- **Task directions**
Beginning with the line containing "Ankaflex Unisex Kırmızı" and ending with the line containing "tramonto arancione sul mare", write out each line of the records below exactly; pictures and lines outside that range are left out.

- **Material to process**

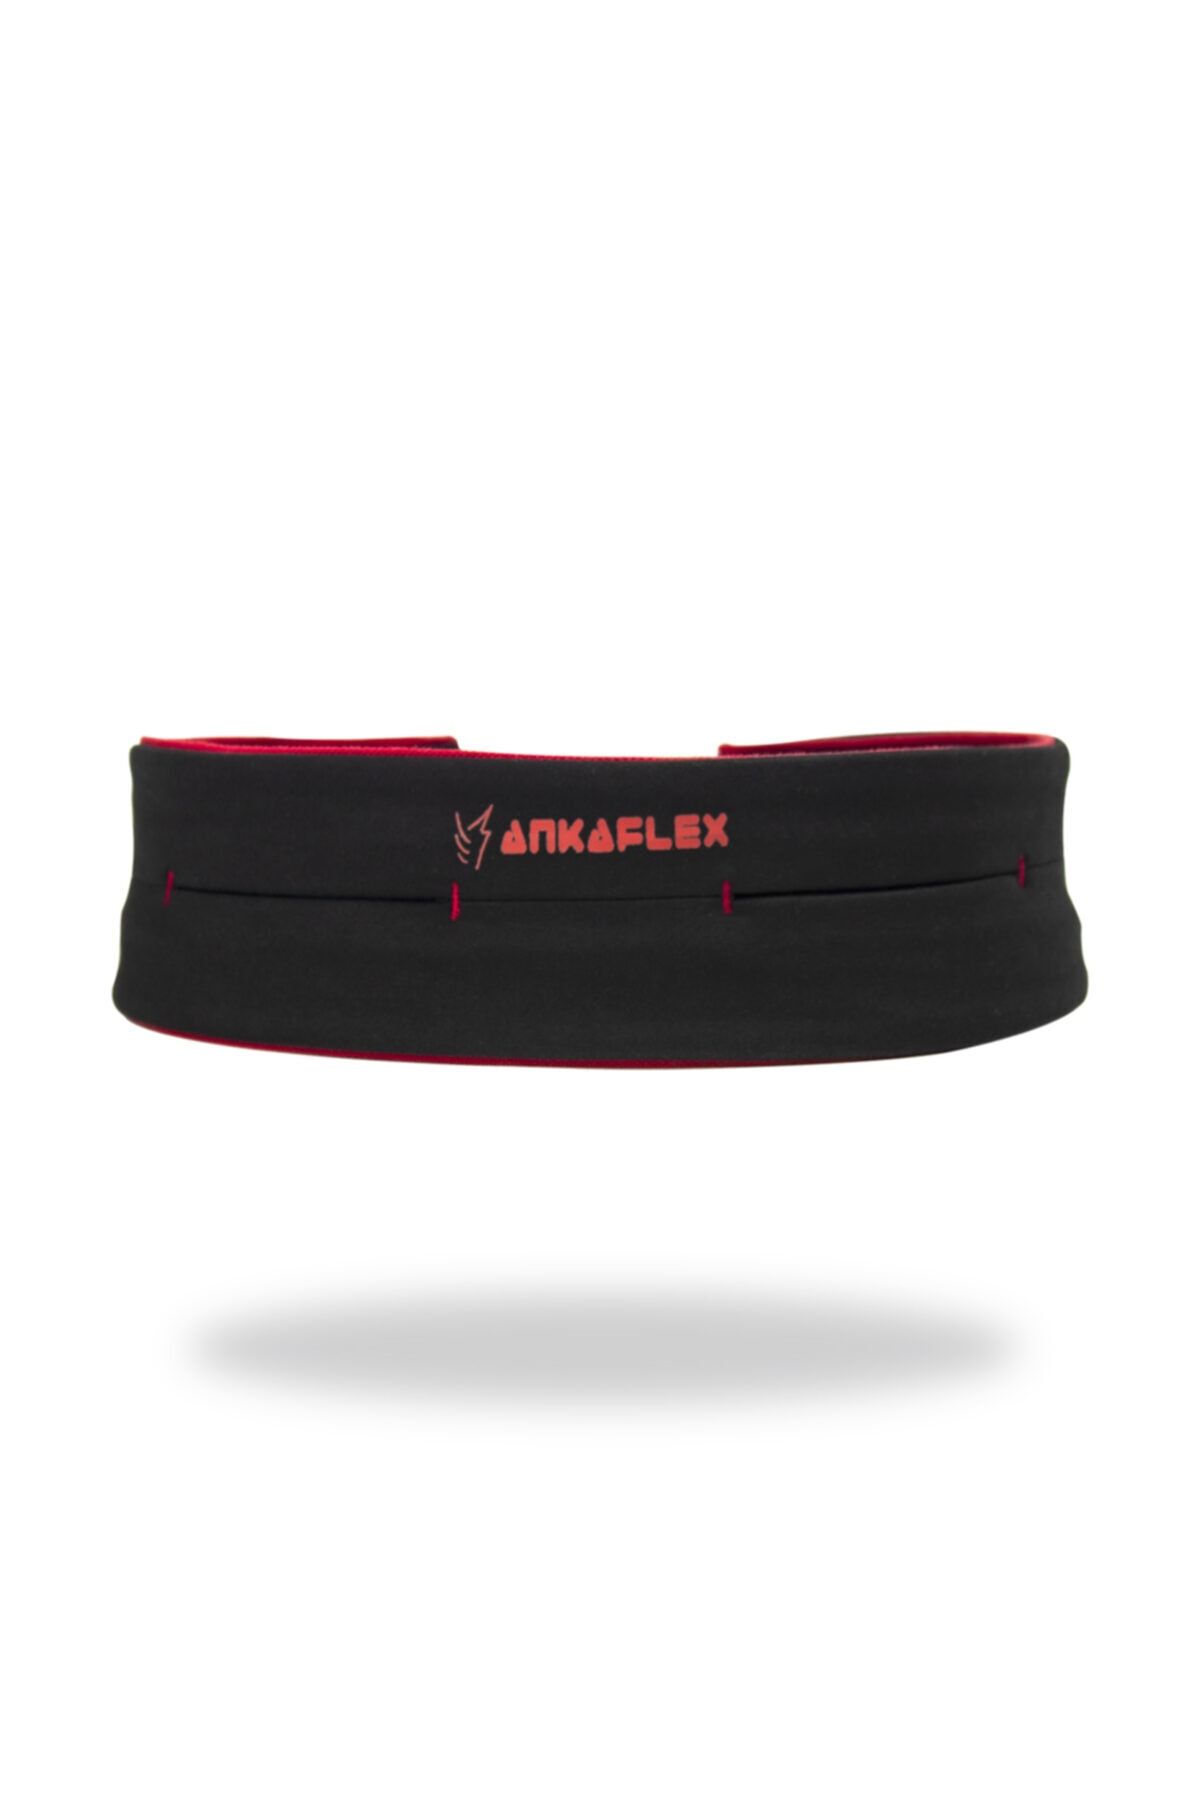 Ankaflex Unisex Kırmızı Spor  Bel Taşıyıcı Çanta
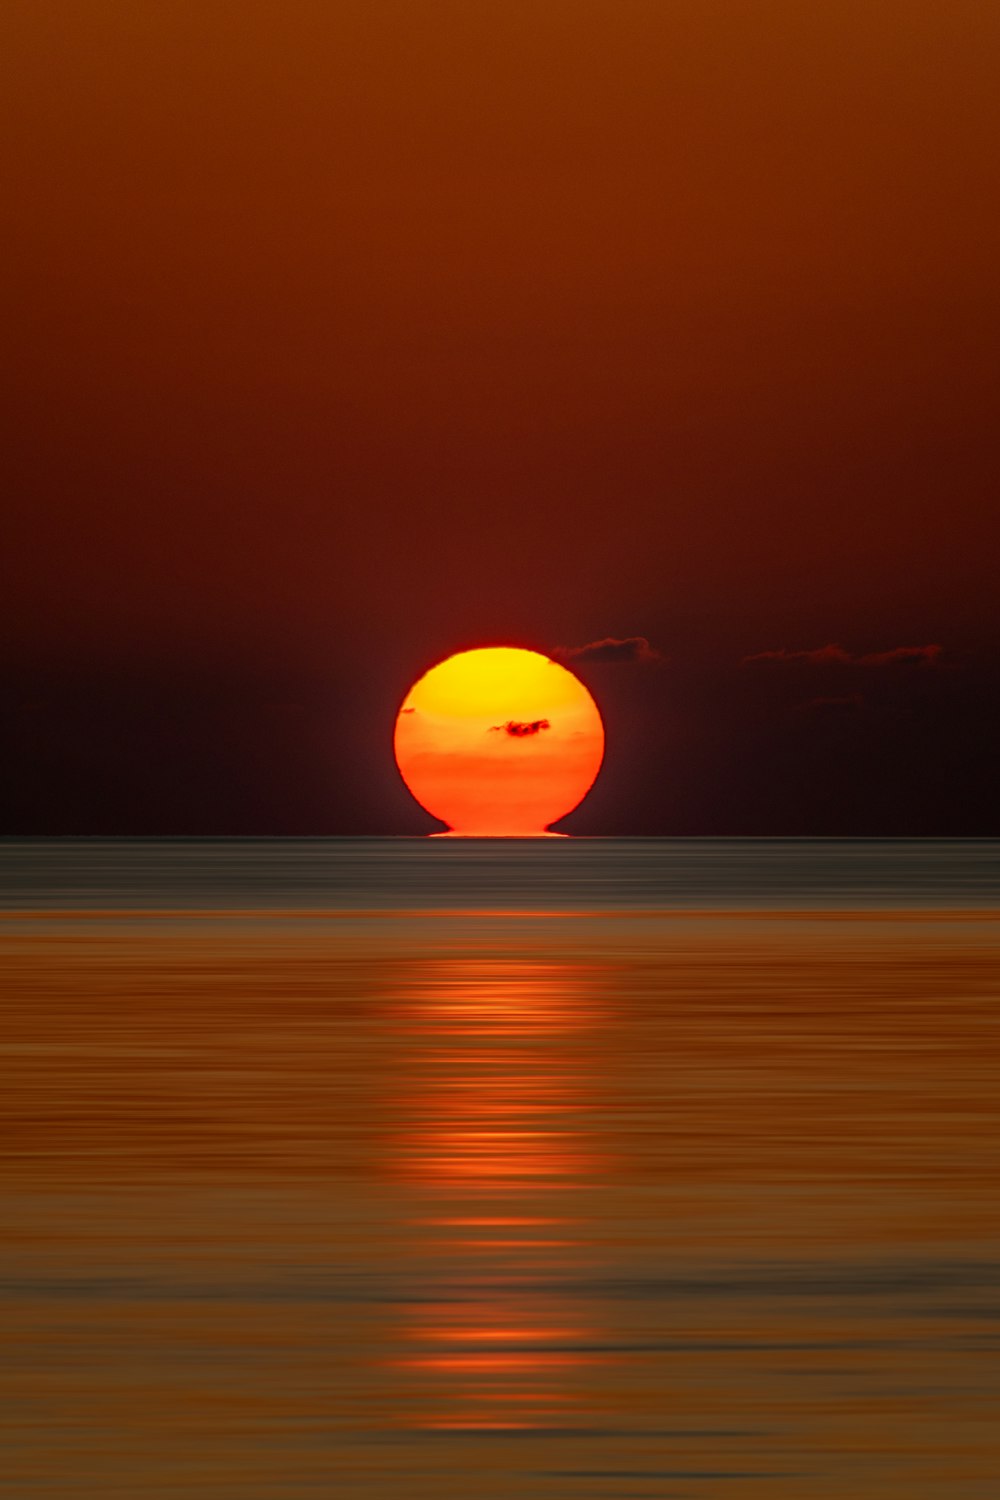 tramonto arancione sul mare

---

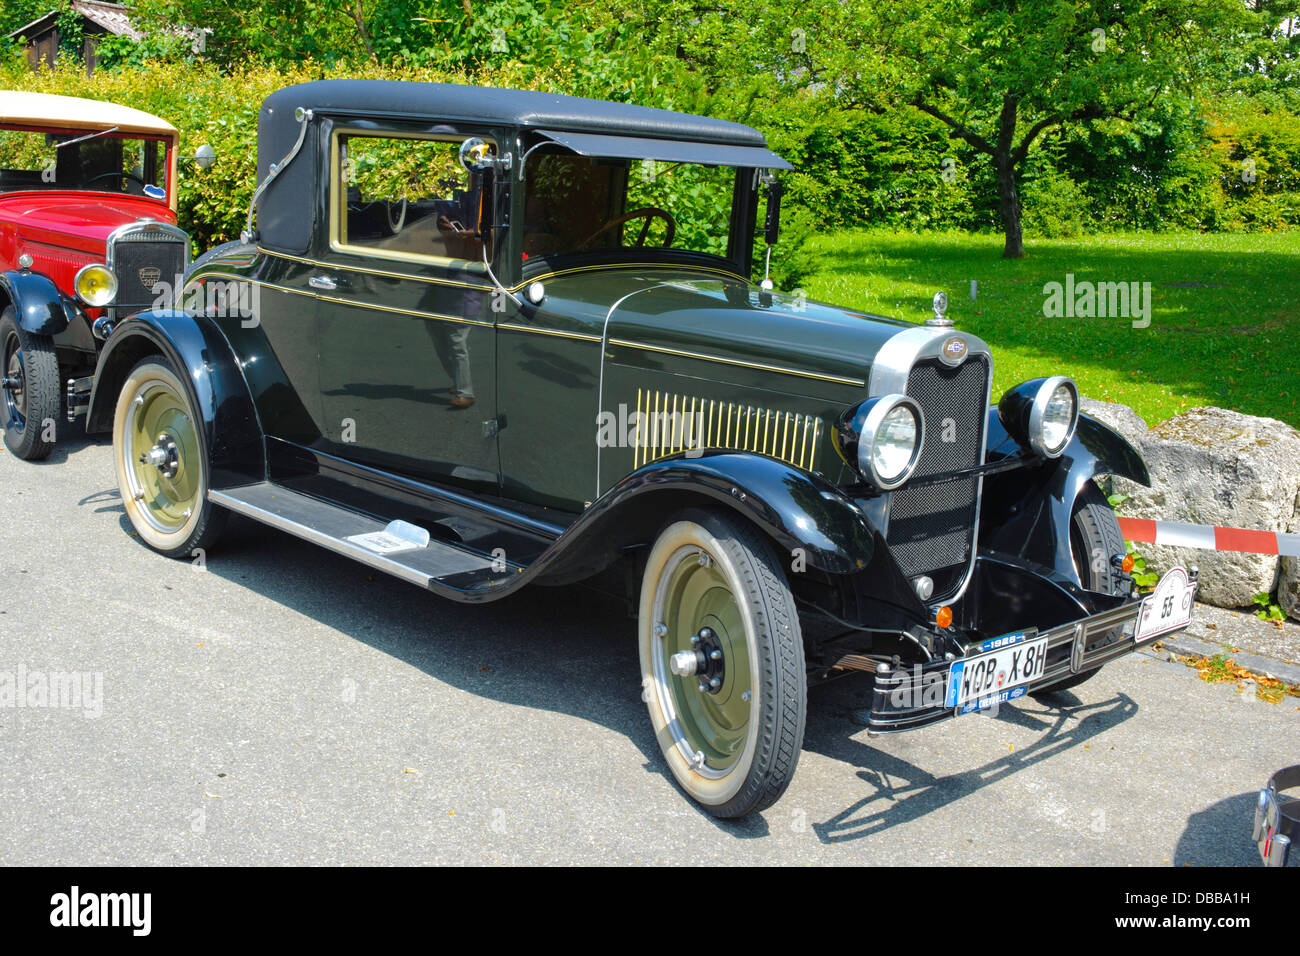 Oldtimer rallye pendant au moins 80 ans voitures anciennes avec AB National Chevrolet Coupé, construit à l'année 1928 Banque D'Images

--

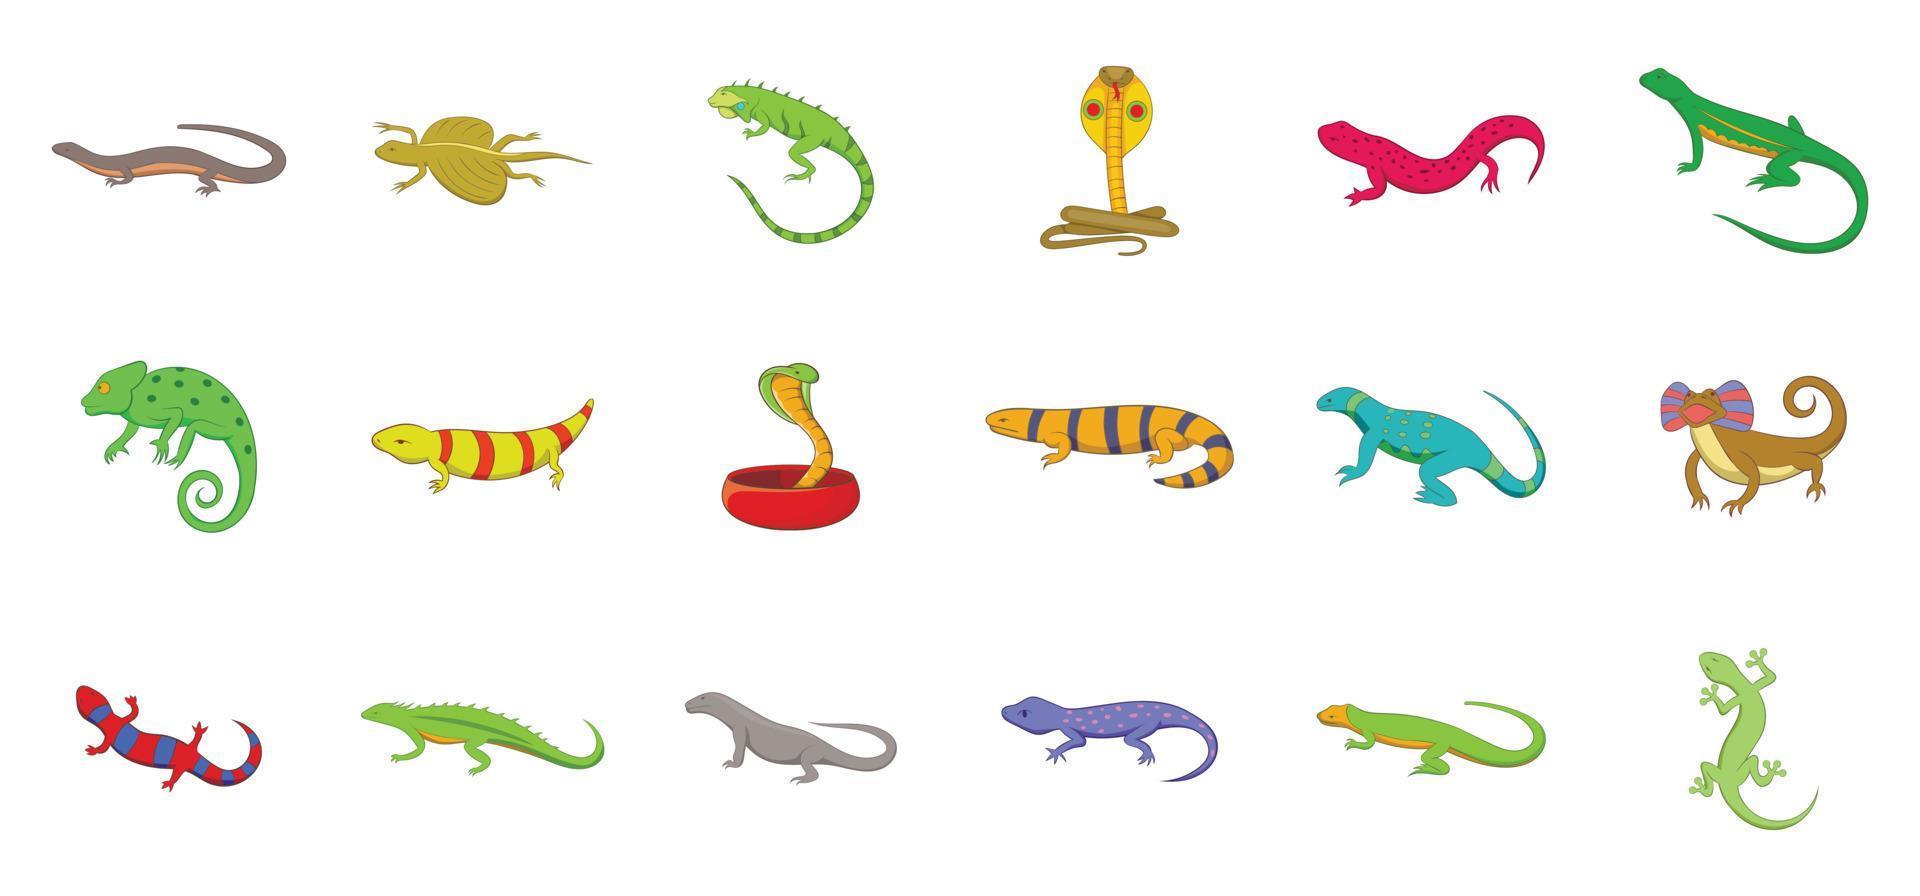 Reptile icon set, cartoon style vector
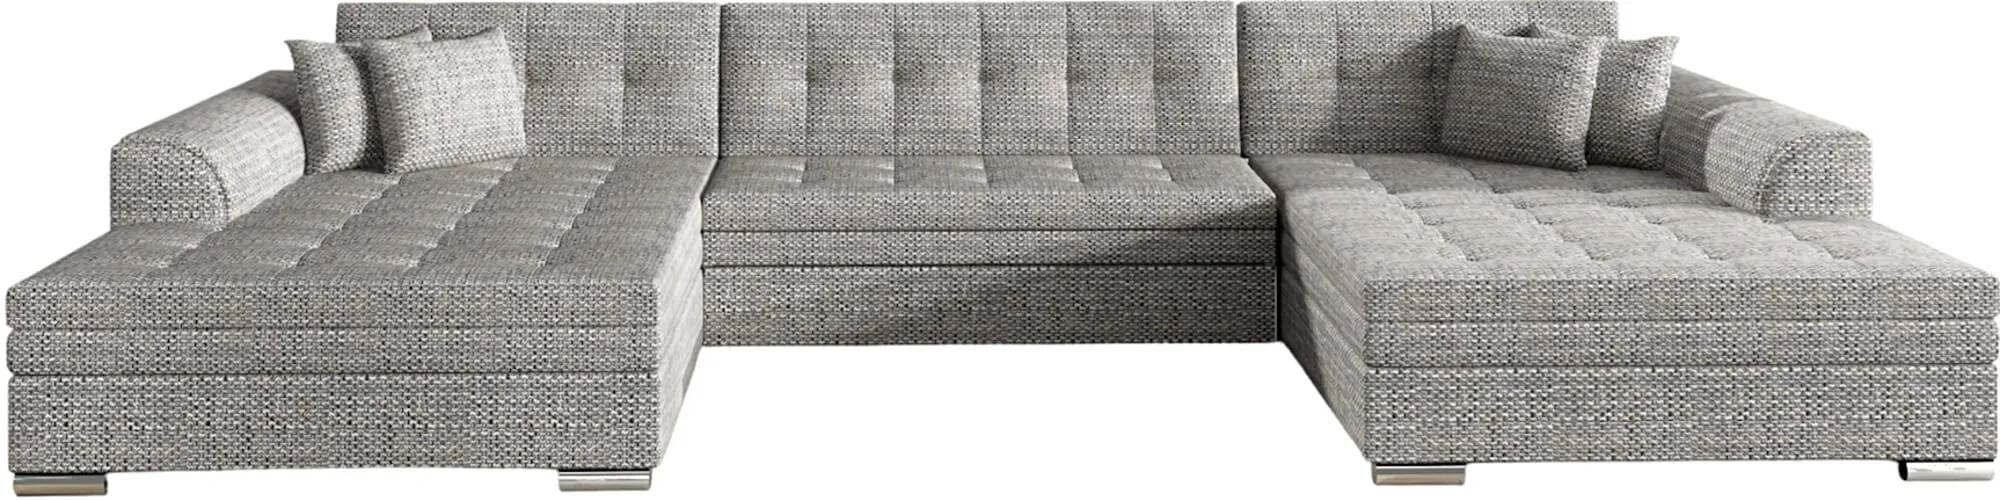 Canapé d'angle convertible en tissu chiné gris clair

- **Answer for the task**
 Ankaflex Unisex Kırmızı Spor  Bel Taşıyıcı Çanta
 tramonto arancione sul mare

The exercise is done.